Anonymous: 10 Things We Have Learned In 2013
(click image for larger view and for slideshow) \
After the zombies took over Google's data center, the heroic action of a few selfless individuals saved the day. Never underestimate what a site reliability engineer can do with an axe.
"If you look at zombies in the data center, they're after the people," explained Kripa Krishnan, technical program manager at Google. "So it becomes less of a machine's problem and becomes more of a people problem..."
The zombie invasion occurred back in 2007. It was one of the first Disaster Recovery Testing (DiRT) events created to evaluate Google's operational resilience in a crisis. This was before Centers for Disease Control and Prevention began warning about zombies because storms, pandemics and earthquakes don't get people's attention anymore.
Although heroism has played a central role in saving Google more than once -- another scenario involved an executive wielding the teleportation gun from Valve's Portal -- it's not something that can be relied on when disaster strikes, just like any IT system or business process at a time of crisis. Google as a company promotes the perception that its employees are exceptionally talented. But when it comes to preparing for the worst, the company can't simply assume that exceptional skills will save the day.
[ Could what you wear be used to identify you in the future? Read Google Funds Fashion Recognition Research. ]
"We find that people are people, and they burn out if they work insane hours and long shifts," said Krishnan. "Heroic tactics are not a sustainable model if you're in a disaster."
The DiRT program was created seven years ago and Krishnan began managing DiRT events a year after that. Genial and sharp, with a penchant for using the word "goodness" to emphasize a point, her background recalls the famously overachieving Buckaroo Banzai, depicted in the 1984 movie that bears his name as a neurosurgeon, physicist, rock musician and test pilot.
Hyperbole perhaps, but it's a necessary element in a story about heroism. Krishnan was studying medicine over a decade ago when her interests took her to music and theater. Three years in, she decided to study performance arts, and eventually came to the U.S. to focus on theater. Then a professor convinced her to take a computer science course. Having left science for the arts, Krishnan finally emerged from graduate school with a degree in Management Information Systems. Thereafter, she became involved with telemedicine networking in Kosovo and later landed at Google.
Now her job is to break things, as Krishnan explained in an interview at Google's Mountain View, Calif., headquarters.
"Sometimes we will bring in someone to write something that will cause a failure in some underneath layer and it will manifest itself as cascading failures in some front-end facing product," Krishnan said. Other times, she says, her team might direct someone to introduce corrupt data into a system, to see how long it takes to find the problem.

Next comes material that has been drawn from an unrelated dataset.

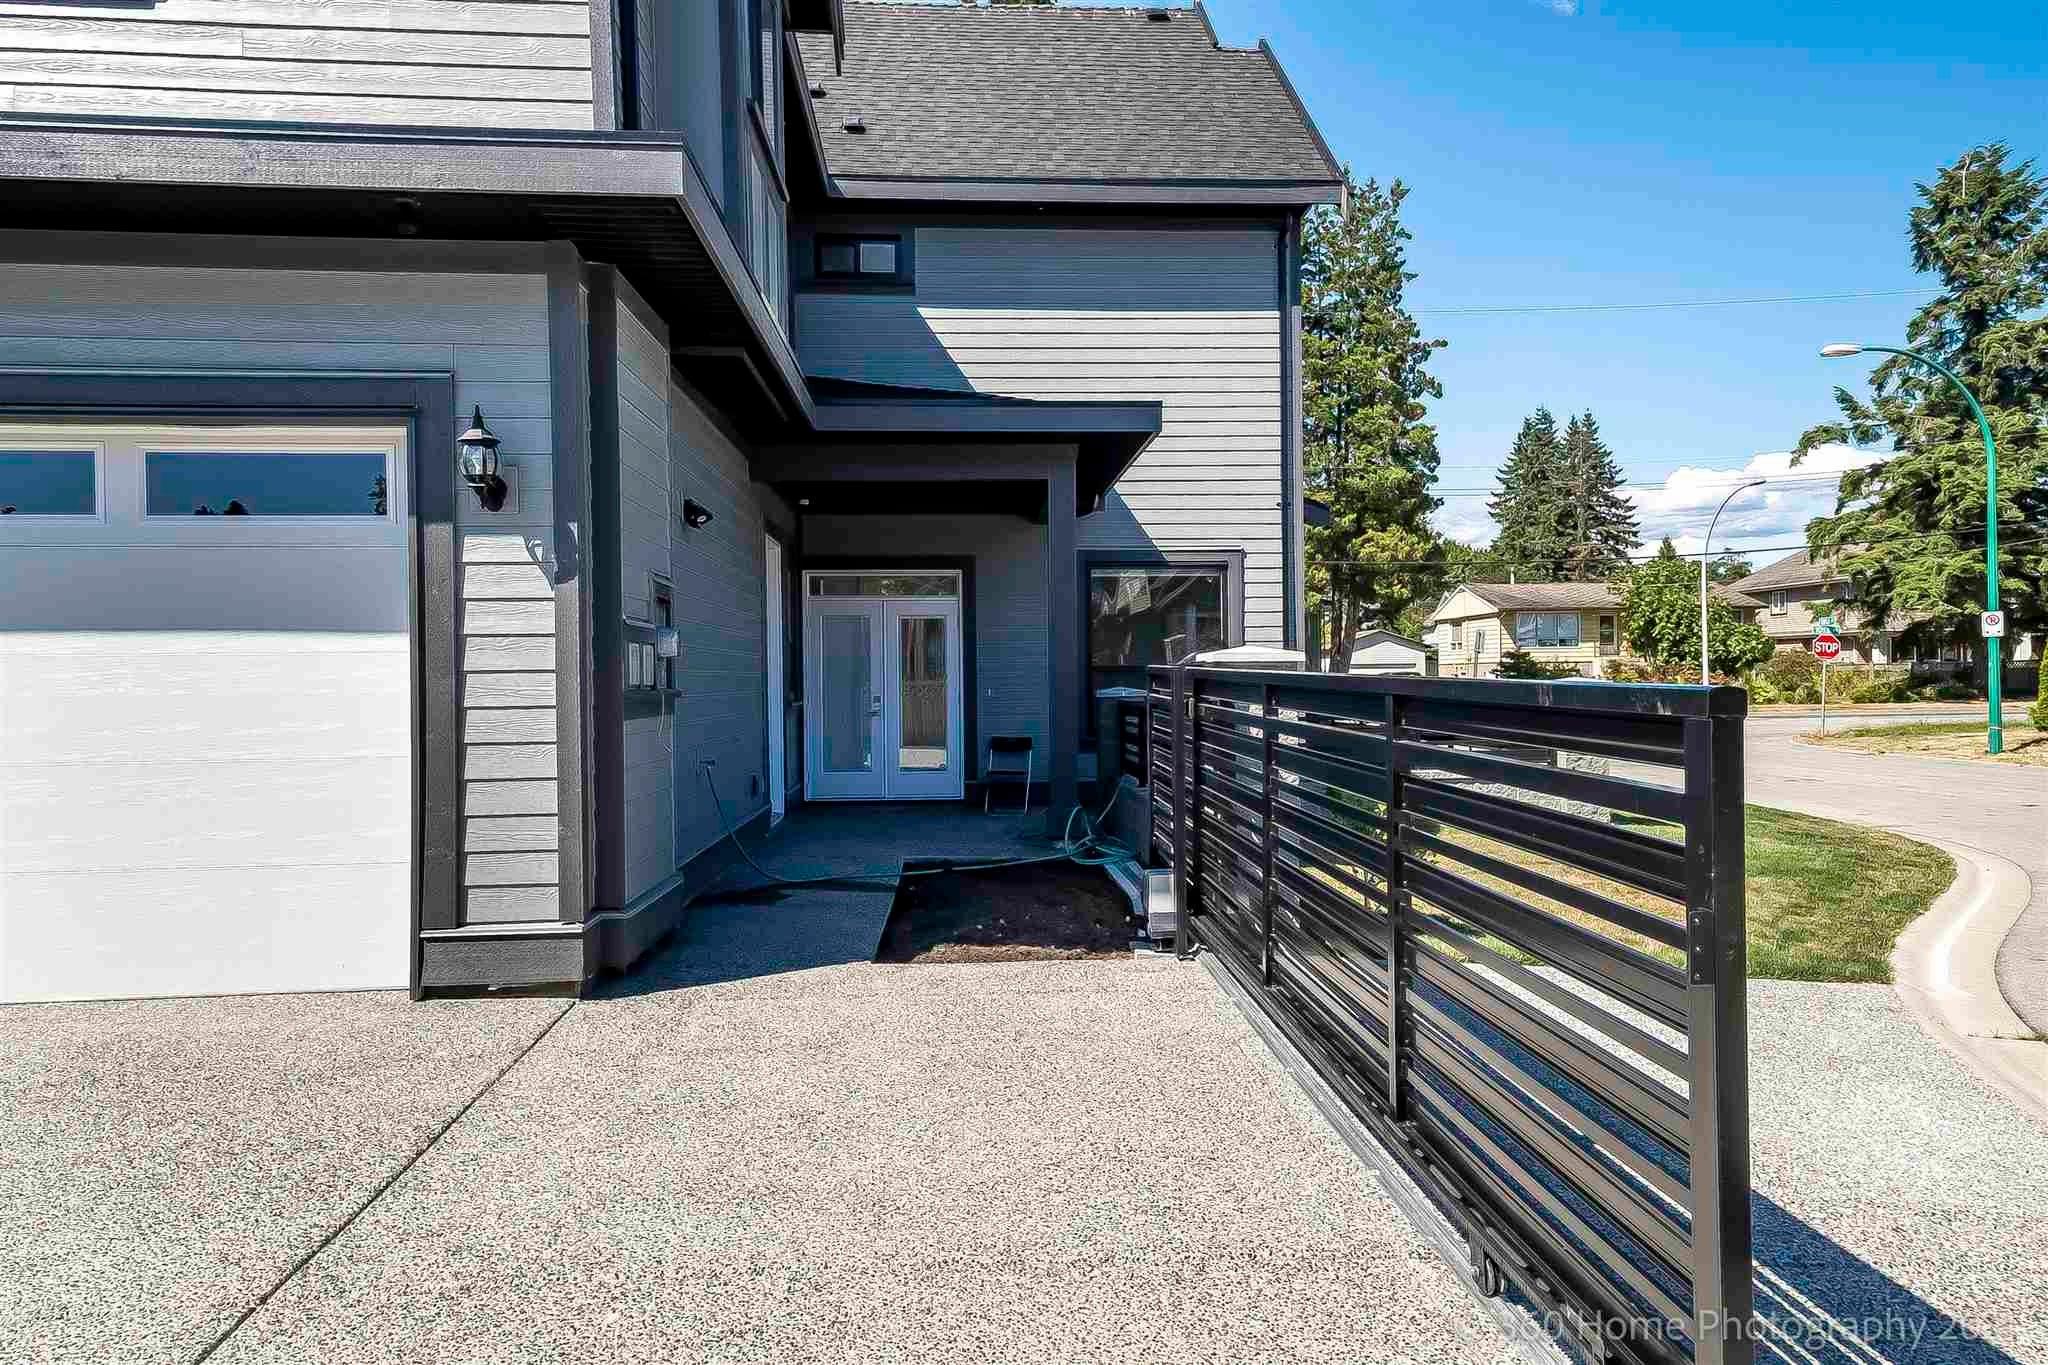 13050 101B AVENUE - Cedar Hills House/Single Family for sale, 5 Bedrooms (R2602208) - #5
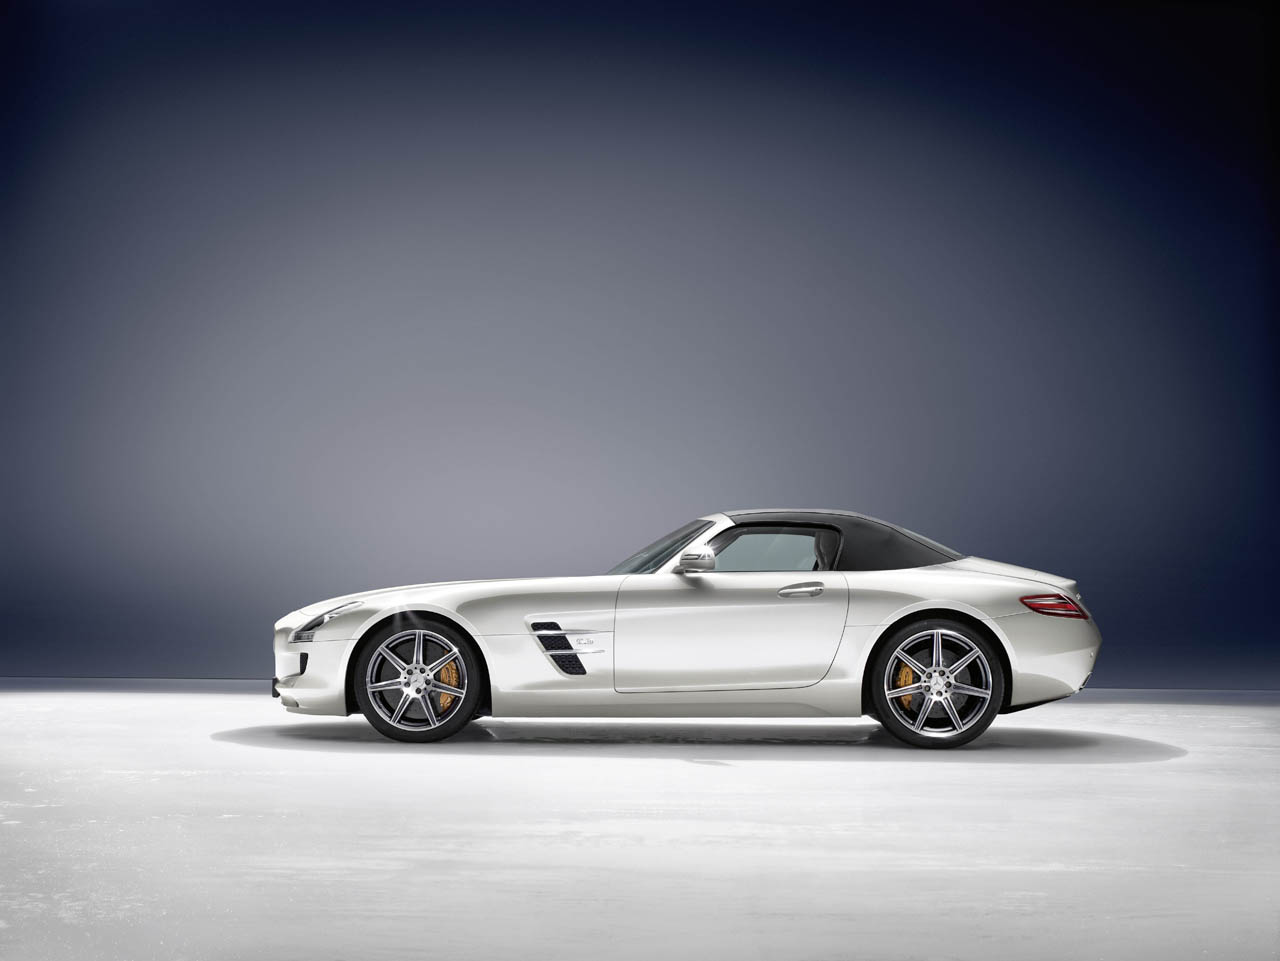 Mercedes Benz Releases 2012 SLS AMG Roadster

DiRT is an annual exercise. Although various Google product groups conduct their own internal stress tests, DiRT's scope is companywide. DiRT scenarios challenge both technical infrastructure and organizational dynamics. Initially, the tests were restricted to user-facing systems, but they have been expanded to cover the full range of Google operations. Beyond data centers, DiRT testing might include systems used by facilities, finance, human resources and security, among other business groups. More recently, as the company's enterprise business has become more successful, customer support systems were added to the tests.
DiRT exercises require the work of hundreds of engineering and operations employees for several days, which means they're not inexpensive to run. They can affect live systems and have even resulted in revenue loss. But the price is deemed to be worth it.
Sanjay Jain, associate industry professor in the department of decision sciences at George Washington University, said in an email that the apparent increase in manmade and natural disasters around the globe demands more active continuity planning.
"Recently, companies have had to face major issues due to disasters including the loss of operations in New York and New Jersey area following Hurricane Sandy a few months ago, and the major impact on supply chains following the tsunami in Japan in 2011," he said in an email. "Companies need to be more thorough in planning for safety of their personnel and maintaining business continuity in face of such eventualities. Such efforts have to go beyond duplicating data servers (that is of course needed) to employing live and computer simulations of potential disaster scenarios and their impact on companies' personnel, operations, and assets, and testing of measures to eliminate or substantially reduce the negative impacts."
In case of emergency, Google has a war room. DiRT tests are run from a simulated war room, which can be one of the company's many conference rooms.